- [Your instructions] Print the complete set of entries exactly.

[Saved entries]

*** Block opens ***

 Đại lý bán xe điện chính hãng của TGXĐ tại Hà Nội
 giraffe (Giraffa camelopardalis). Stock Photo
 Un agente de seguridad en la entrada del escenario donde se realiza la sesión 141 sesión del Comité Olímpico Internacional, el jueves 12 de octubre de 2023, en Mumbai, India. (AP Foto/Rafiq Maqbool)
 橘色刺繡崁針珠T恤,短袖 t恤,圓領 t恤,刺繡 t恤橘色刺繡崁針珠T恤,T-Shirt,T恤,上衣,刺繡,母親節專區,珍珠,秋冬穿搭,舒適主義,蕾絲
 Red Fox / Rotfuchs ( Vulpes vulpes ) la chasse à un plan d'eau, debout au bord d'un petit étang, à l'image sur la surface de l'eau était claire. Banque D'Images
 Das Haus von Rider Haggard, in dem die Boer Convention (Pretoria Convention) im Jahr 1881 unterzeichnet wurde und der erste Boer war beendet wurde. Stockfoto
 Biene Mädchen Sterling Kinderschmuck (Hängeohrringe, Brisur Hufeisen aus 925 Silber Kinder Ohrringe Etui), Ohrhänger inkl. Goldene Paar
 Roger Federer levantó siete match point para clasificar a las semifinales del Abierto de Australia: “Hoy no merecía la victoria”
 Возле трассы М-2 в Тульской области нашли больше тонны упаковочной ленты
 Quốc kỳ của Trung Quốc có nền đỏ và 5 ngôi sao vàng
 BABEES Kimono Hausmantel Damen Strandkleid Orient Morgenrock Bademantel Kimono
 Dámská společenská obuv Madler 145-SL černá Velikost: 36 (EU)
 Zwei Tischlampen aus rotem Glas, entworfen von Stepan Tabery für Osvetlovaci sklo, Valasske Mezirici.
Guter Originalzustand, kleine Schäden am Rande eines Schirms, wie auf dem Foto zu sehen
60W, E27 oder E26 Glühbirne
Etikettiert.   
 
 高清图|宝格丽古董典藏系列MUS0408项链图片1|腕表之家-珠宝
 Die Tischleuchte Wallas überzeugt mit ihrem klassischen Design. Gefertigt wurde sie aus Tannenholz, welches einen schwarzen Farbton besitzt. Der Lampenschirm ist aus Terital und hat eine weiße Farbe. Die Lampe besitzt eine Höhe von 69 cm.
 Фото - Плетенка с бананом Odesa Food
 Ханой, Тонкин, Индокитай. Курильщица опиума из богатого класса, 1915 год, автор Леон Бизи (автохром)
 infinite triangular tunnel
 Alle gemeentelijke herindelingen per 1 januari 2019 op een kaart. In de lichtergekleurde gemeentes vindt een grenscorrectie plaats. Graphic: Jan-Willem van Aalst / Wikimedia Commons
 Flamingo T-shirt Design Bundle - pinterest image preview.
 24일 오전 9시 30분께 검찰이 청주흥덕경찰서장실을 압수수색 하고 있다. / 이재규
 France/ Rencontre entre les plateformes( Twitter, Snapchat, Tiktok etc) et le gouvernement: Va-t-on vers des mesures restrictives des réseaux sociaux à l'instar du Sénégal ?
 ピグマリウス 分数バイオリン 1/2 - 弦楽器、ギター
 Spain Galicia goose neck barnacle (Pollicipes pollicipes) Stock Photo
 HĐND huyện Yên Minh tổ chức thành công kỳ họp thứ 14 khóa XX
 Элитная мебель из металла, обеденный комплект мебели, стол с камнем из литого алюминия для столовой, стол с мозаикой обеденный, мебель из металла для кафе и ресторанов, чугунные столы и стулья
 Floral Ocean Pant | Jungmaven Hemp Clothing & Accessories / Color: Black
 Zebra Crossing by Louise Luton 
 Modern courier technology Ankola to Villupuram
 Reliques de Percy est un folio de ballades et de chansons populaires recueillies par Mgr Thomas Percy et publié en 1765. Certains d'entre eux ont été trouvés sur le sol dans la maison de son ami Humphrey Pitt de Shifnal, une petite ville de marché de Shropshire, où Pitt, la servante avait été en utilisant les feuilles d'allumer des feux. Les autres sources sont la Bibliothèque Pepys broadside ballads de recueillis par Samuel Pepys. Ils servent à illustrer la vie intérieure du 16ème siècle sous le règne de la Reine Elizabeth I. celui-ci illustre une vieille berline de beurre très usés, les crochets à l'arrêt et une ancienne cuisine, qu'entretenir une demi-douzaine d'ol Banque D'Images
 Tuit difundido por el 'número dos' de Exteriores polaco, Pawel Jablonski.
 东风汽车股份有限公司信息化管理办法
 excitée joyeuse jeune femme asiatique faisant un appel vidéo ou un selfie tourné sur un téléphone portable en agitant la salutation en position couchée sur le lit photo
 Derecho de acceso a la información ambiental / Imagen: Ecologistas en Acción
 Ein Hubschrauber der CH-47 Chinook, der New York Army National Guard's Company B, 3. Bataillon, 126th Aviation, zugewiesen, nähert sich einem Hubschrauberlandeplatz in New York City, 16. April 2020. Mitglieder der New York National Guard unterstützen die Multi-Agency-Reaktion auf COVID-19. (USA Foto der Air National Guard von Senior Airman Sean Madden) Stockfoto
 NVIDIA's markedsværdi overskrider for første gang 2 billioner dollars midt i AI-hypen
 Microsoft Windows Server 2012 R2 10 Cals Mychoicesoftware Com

*** Block closes ***

- [Output for this task]
 Đại lý bán xe điện chính hãng của TGXĐ tại Hà Nội
 giraffe (Giraffa camelopardalis). Stock Photo
 Un agente de seguridad en la entrada del escenario donde se realiza la sesión 141 sesión del Comité Olímpico Internacional, el jueves 12 de octubre de 2023, en Mumbai, India. (AP Foto/Rafiq Maqbool)
 橘色刺繡崁針珠T恤,短袖 t恤,圓領 t恤,刺繡 t恤橘色刺繡崁針珠T恤,T-Shirt,T恤,上衣,刺繡,母親節專區,珍珠,秋冬穿搭,舒適主義,蕾絲
 Red Fox / Rotfuchs ( Vulpes vulpes ) la chasse à un plan d'eau, debout au bord d'un petit étang, à l'image sur la surface de l'eau était claire. Banque D'Images
 Das Haus von Rider Haggard, in dem die Boer Convention (Pretoria Convention) im Jahr 1881 unterzeichnet wurde und der erste Boer war beendet wurde. Stockfoto
 Biene Mädchen Sterling Kinderschmuck (Hängeohrringe, Brisur Hufeisen aus 925 Silber Kinder Ohrringe Etui), Ohrhänger inkl. Goldene Paar
 Roger Federer levantó siete match point para clasificar a las semifinales del Abierto de Australia: “Hoy no merecía la victoria”
 Возле трассы М-2 в Тульской области нашли больше тонны упаковочной ленты
 Quốc kỳ của Trung Quốc có nền đỏ và 5 ngôi sao vàng
 BABEES Kimono Hausmantel Damen Strandkleid Orient Morgenrock Bademantel Kimono
 Dámská společenská obuv Madler 145-SL černá Velikost: 36 (EU)
 Zwei Tischlampen aus rotem Glas, entworfen von Stepan Tabery für Osvetlovaci sklo, Valasske Mezirici.
Guter Originalzustand, kleine Schäden am Rande eines Schirms, wie auf dem Foto zu sehen
60W, E27 oder E26 Glühbirne
Etikettiert.   
 
 高清图|宝格丽古董典藏系列MUS0408项链图片1|腕表之家-珠宝
 Die Tischleuchte Wallas überzeugt mit ihrem klassischen Design. Gefertigt wurde sie aus Tannenholz, welches einen schwarzen Farbton besitzt. Der Lampenschirm ist aus Terital und hat eine weiße Farbe. Die Lampe besitzt eine Höhe von 69 cm.
 Фото - Плетенка с бананом Odesa Food
 Ханой, Тонкин, Индокитай. Курильщица опиума из богатого класса, 1915 год, автор Леон Бизи (автохром)
 infinite triangular tunnel
 Alle gemeentelijke herindelingen per 1 januari 2019 op een kaart. In de lichtergekleurde gemeentes vindt een grenscorrectie plaats. Graphic: Jan-Willem van Aalst / Wikimedia Commons
 Flamingo T-shirt Design Bundle - pinterest image preview.
 24일 오전 9시 30분께 검찰이 청주흥덕경찰서장실을 압수수색 하고 있다. / 이재규
 France/ Rencontre entre les plateformes( Twitter, Snapchat, Tiktok etc) et le gouvernement: Va-t-on vers des mesures restrictives des réseaux sociaux à l'instar du Sénégal ?
 ピグマリウス 分数バイオリン 1/2 - 弦楽器、ギター
 Spain Galicia goose neck barnacle (Pollicipes pollicipes) Stock Photo
 HĐND huyện Yên Minh tổ chức thành công kỳ họp thứ 14 khóa XX
 Элитная мебель из металла, обеденный комплект мебели, стол с камнем из литого алюминия для столовой, стол с мозаикой обеденный, мебель из металла для кафе и ресторанов, чугунные столы и стулья
 Floral Ocean Pant | Jungmaven Hemp Clothing & Accessories / Color: Black
 Zebra Crossing by Louise Luton 
 Modern courier technology Ankola to Villupuram
 Reliques de Percy est un folio de ballades et de chansons populaires recueillies par Mgr Thomas Percy et publié en 1765. Certains d'entre eux ont été trouvés sur le sol dans la maison de son ami Humphrey Pitt de Shifnal, une petite ville de marché de Shropshire, où Pitt, la servante avait été en utilisant les feuilles d'allumer des feux. Les autres sources sont la Bibliothèque Pepys broadside ballads de recueillis par Samuel Pepys. Ils servent à illustrer la vie intérieure du 16ème siècle sous le règne de la Reine Elizabeth I. celui-ci illustre une vieille berline de beurre très usés, les crochets à l'arrêt et une ancienne cuisine, qu'entretenir une demi-douzaine d'ol Banque D'Images
 Tuit difundido por el 'número dos' de Exteriores polaco, Pawel Jablonski.
 东风汽车股份有限公司信息化管理办法
 excitée joyeuse jeune femme asiatique faisant un appel vidéo ou un selfie tourné sur un téléphone portable en agitant la salutation en position couchée sur le lit photo
 Derecho de acceso a la información ambiental / Imagen: Ecologistas en Acción
 Ein Hubschrauber der CH-47 Chinook, der New York Army National Guard's Company B, 3. Bataillon, 126th Aviation, zugewiesen, nähert sich einem Hubschrauberlandeplatz in New York City, 16. April 2020. Mitglieder der New York National Guard unterstützen die Multi-Agency-Reaktion auf COVID-19. (USA Foto der Air National Guard von Senior Airman Sean Madden) Stockfoto
 NVIDIA's markedsværdi overskrider for første gang 2 billioner dollars midt i AI-hypen
 Microsoft Windows Server 2012 R2 10 Cals Mychoicesoftware Com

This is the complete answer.